Reading

These notes and Unit 6 sections 6 and 7.

Quiz questions

3CNF-SAT

A propositional (boolean) formula $F$ is in Conjunctive Normal Form if it has the following form: $ F = C_1 \wedge C_2 \wedge \cdots \wedge C_n $ where each $C_i$ is what's called a clause.

A clause is of the form $ C_i = l_1 \vee l_2 \vee \cdots \vee c_k $ where each $l_j$ is what's called a literal.

A literal is simply a boolean variable, or its negation - i.e. $x_i$ or $\neg x_i$. Finially, a "3CNF" formula is a formula in CNF, with the added restriction that each clause has at most three literals.

So, for example the following is a 3CNF formula: $ (a \vee \neg b \vee \neg c) \wedge (\neg a \vee b \vee c) \wedge (\neg a \vee \neg c) $

Of course, the 3CNF-SAT problem is simply this: given a formula in 3CNF, is there an assignment of values to the formula's variables for which the formula evaluates to true?

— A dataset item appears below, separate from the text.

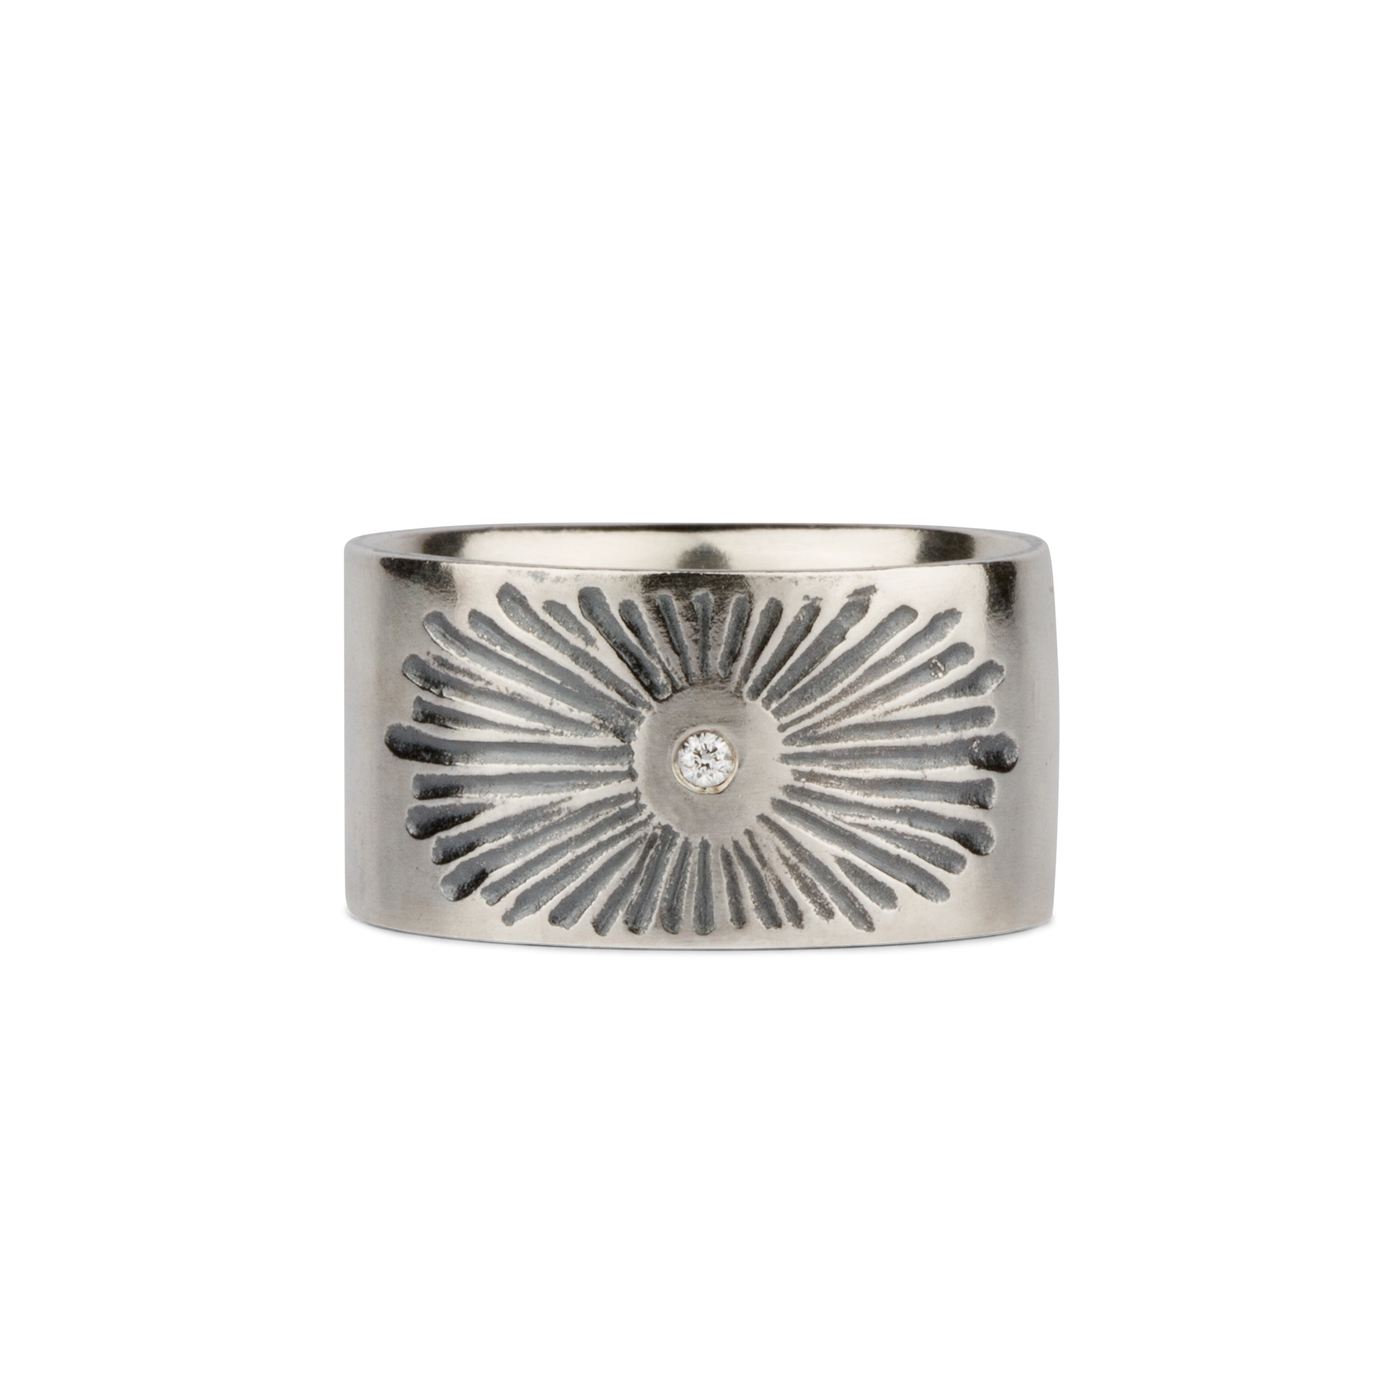 Oxidized silver wide band with single diamond and a carved sunburst design on a white background by Corey Egan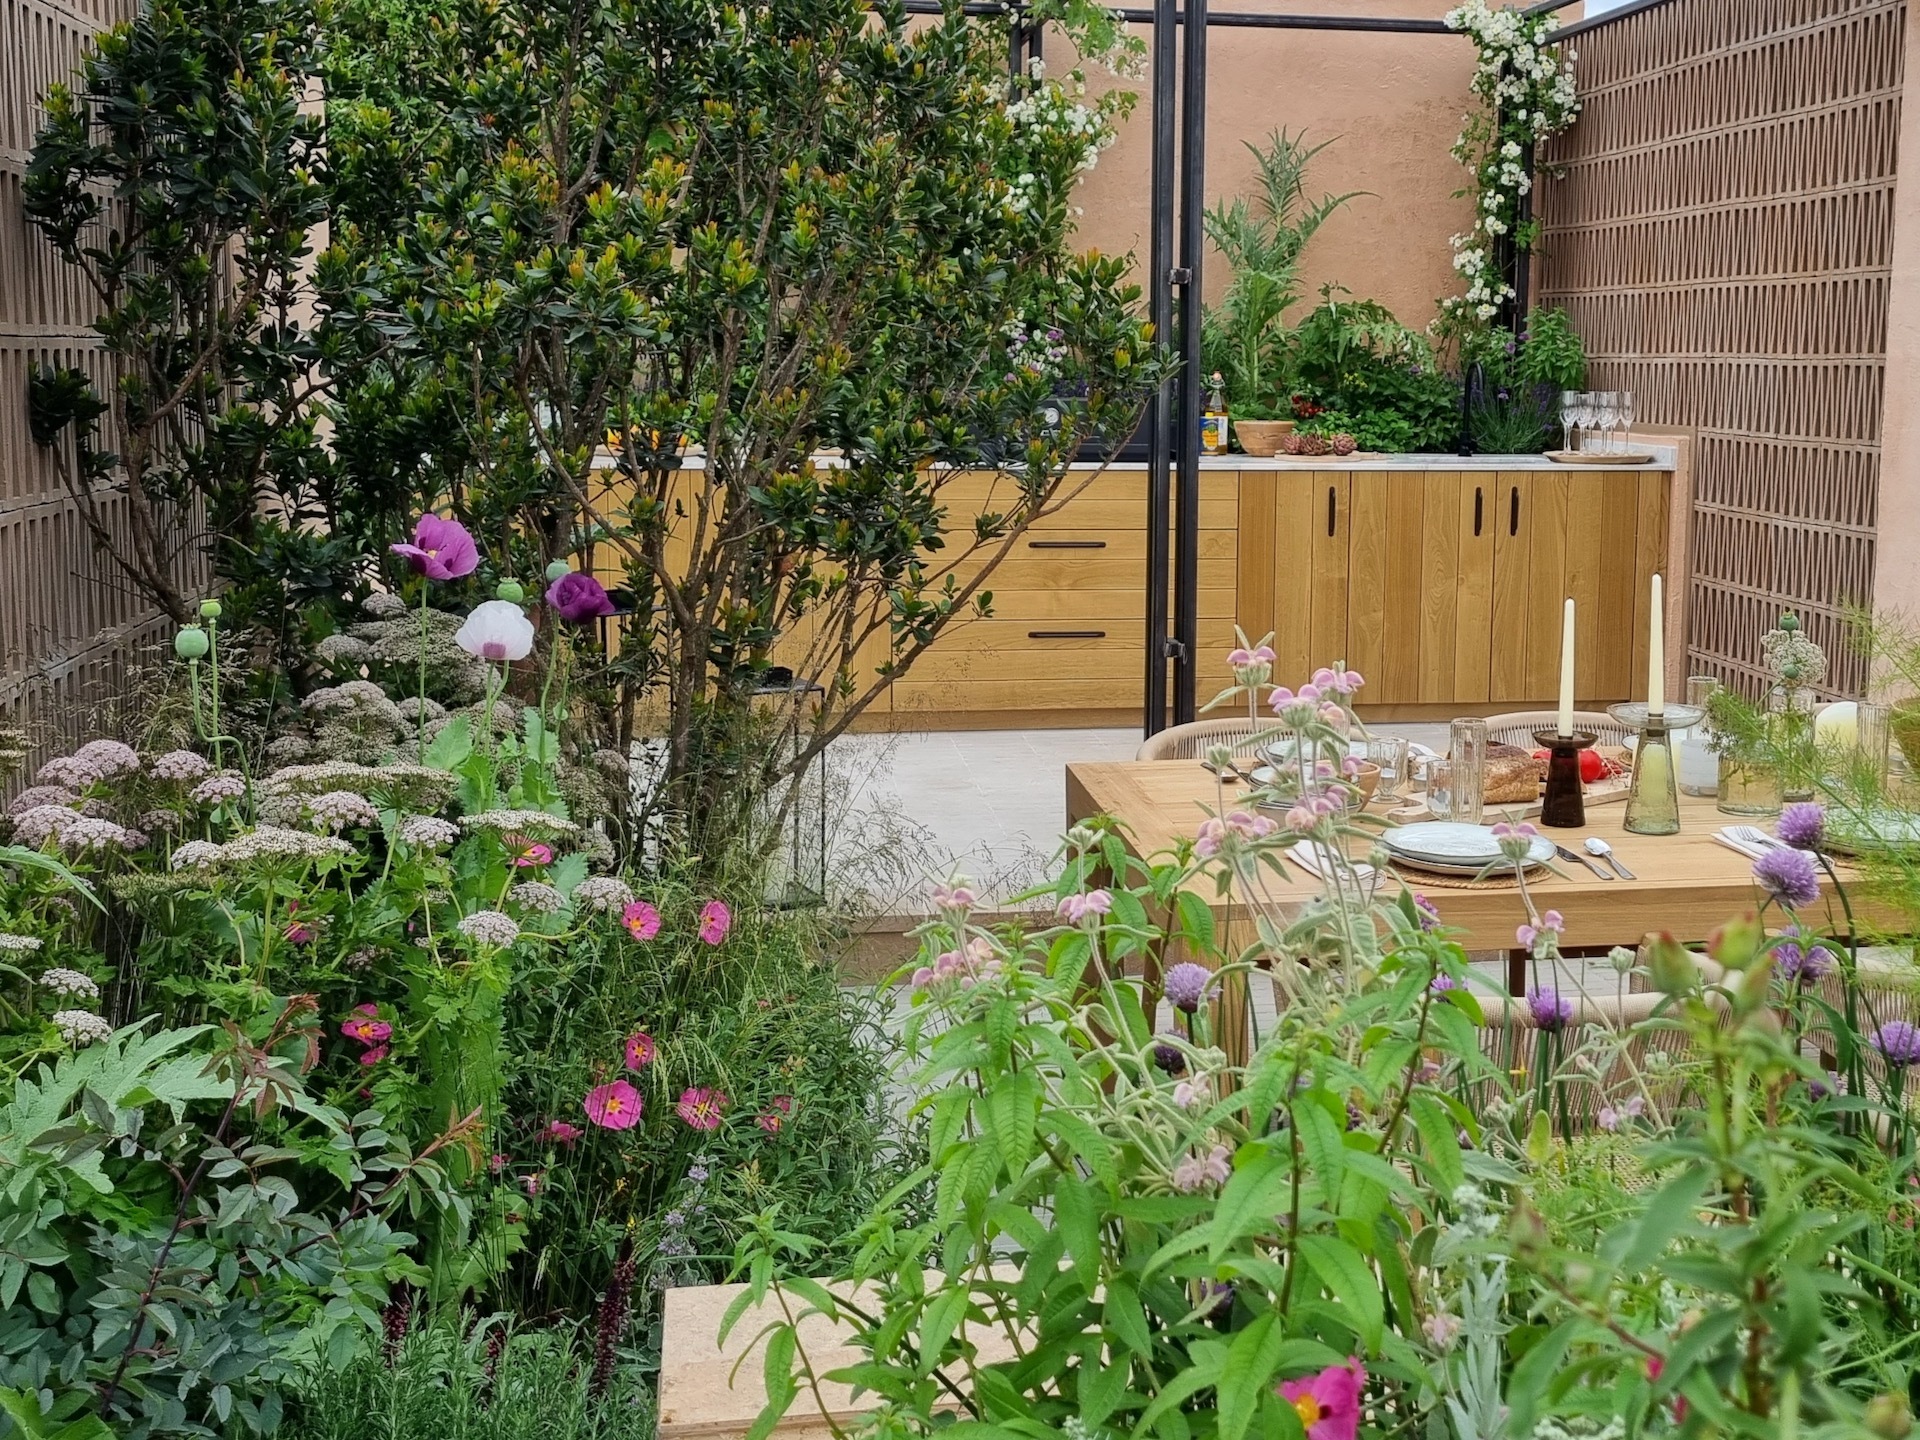 Garden kitchen and dining area surrounded by planting

Formulas in CNF are really nice to work with, because they have such a simple, regular structure. So most logic applications require their input to be in CNF. 3CNF is even more restricted. That restriction is really nice for analysis purposes, as we'll see in the following.

3CNF-SAT is NP-Complete

In the below, we'll give a polynomial time reduction of CIRCUIT-SAT to 3CNF-SAT. First, we observe that we can take a circuit and expand it slightly (i.e. polynomially) to produce an equivalent circuit containing only AND, OR and NOT gates, and in which the AND and OR gates have only two inputs each. We discussed this in class. Now consider the following conversion of gate to 3CNF formula:

With these rules in place, we can convert a circuit to its formula equivalent. Here's what we do:
  1. number the gates $g_1,\ldots,g_k$ where the numbering is a topological sort. Note that this means that the last gate is the output for the whole circuit.
  2. for each gate $g_i$ create a variable $o_i$, so now we have the original variables $x_1,\ldots,x_n$ plus the new $o_i$ variables, one per gate.
  3. for each gate $g_i$ create formula $f_i$ using the above rules
  4. return formula $f_1 \wedge f_2 \wedge \cdots \wedge f_k \wedge o_k$
The original circuit is satisfiable if and only if the formula is satisfiable (the proof is the same as the proof we gave for the conversion to SAT) and the process is clearly polynomial time. The idea behind the translation is that each $f_i$ encodes the assertion that the gate functions properly, for example that an AND-gate really outputs the "and" of its inputs. So the formula specifies that "gate 1 operates correctly, and cate 2 operates correctly, .... and gate $k$ operates correctly, and gate $k$ outputs TRUE".

Example:

So, now that we have a polynomial time reduction from CIRCUIT-SAT to 3CNF-SAT, we've proved the following:

Theorem: 3CNF-SAT is NP-Complete.

The INDEPENDENT-SET Problem

So far, all the problems that we've proven to be NP-Complete are closely-related problems ... all three are really about logic. Now let's consider a very different problem: a graph problem. The INDEPENDENT-SET Problem is this: Given unweighted, undirected graph $G$, and positive integer $k$, is there an independent set in $G$ of size $k$? Note: an independent set is a set of vertices from $G$ that have no edges between them.

INDEPENDENT-SET is NP-Complete

Theorem: INDEPENDENT-SET is NP-Complete.

We prove this by giving a polynomial time reduction of 3CNF-SAT to INDEPENDENT-SET. So, we're given a 3CNF formula. Let $k$ be the number of clauses in the formua. We create a graph that has $k$ "clusters" of vertices, one cluster for each clause. A cluster for clause $C_i = (l_{i,1} \vee l_{i,2} \vee l_{i,3})$ consists of three vertices, each labeled with one of the three literals from the clause. If the clause only has 2 (or 1) literal, the cluster will only have 2 (or 1) vertices. Each vertex in a cluster is connected by an edge to every other vertex in the cluster. Also, a vertex in a given cluster labeled with literal $l$ has an edge to every vertex in the other clusters labeled $\neg l$. The claim is that this graph has an independent set of size $k$ if and only if the original formula is satisfiable.

Example: This example shows the graph derived from a 3CNF formula. The resulting INDEPENDENT-SET problem has $k=3$, since the formula has three clauses. In green, the vertices comprising an independent set of size 3 are circles. Notice that they correspond to a satisfying assignment of values to variables in formula.

NP-Complete Problems Surround Us!

For better or for worse, the world is full of NP-Complete problems. See Wikipedia's list of NP-Complete Problems. This includes problems like HAM-CYCLE, O/1-KNAPSACK, SIMPLE-KNAPSACK, HITTING-SET, PARTITION, and many, many more.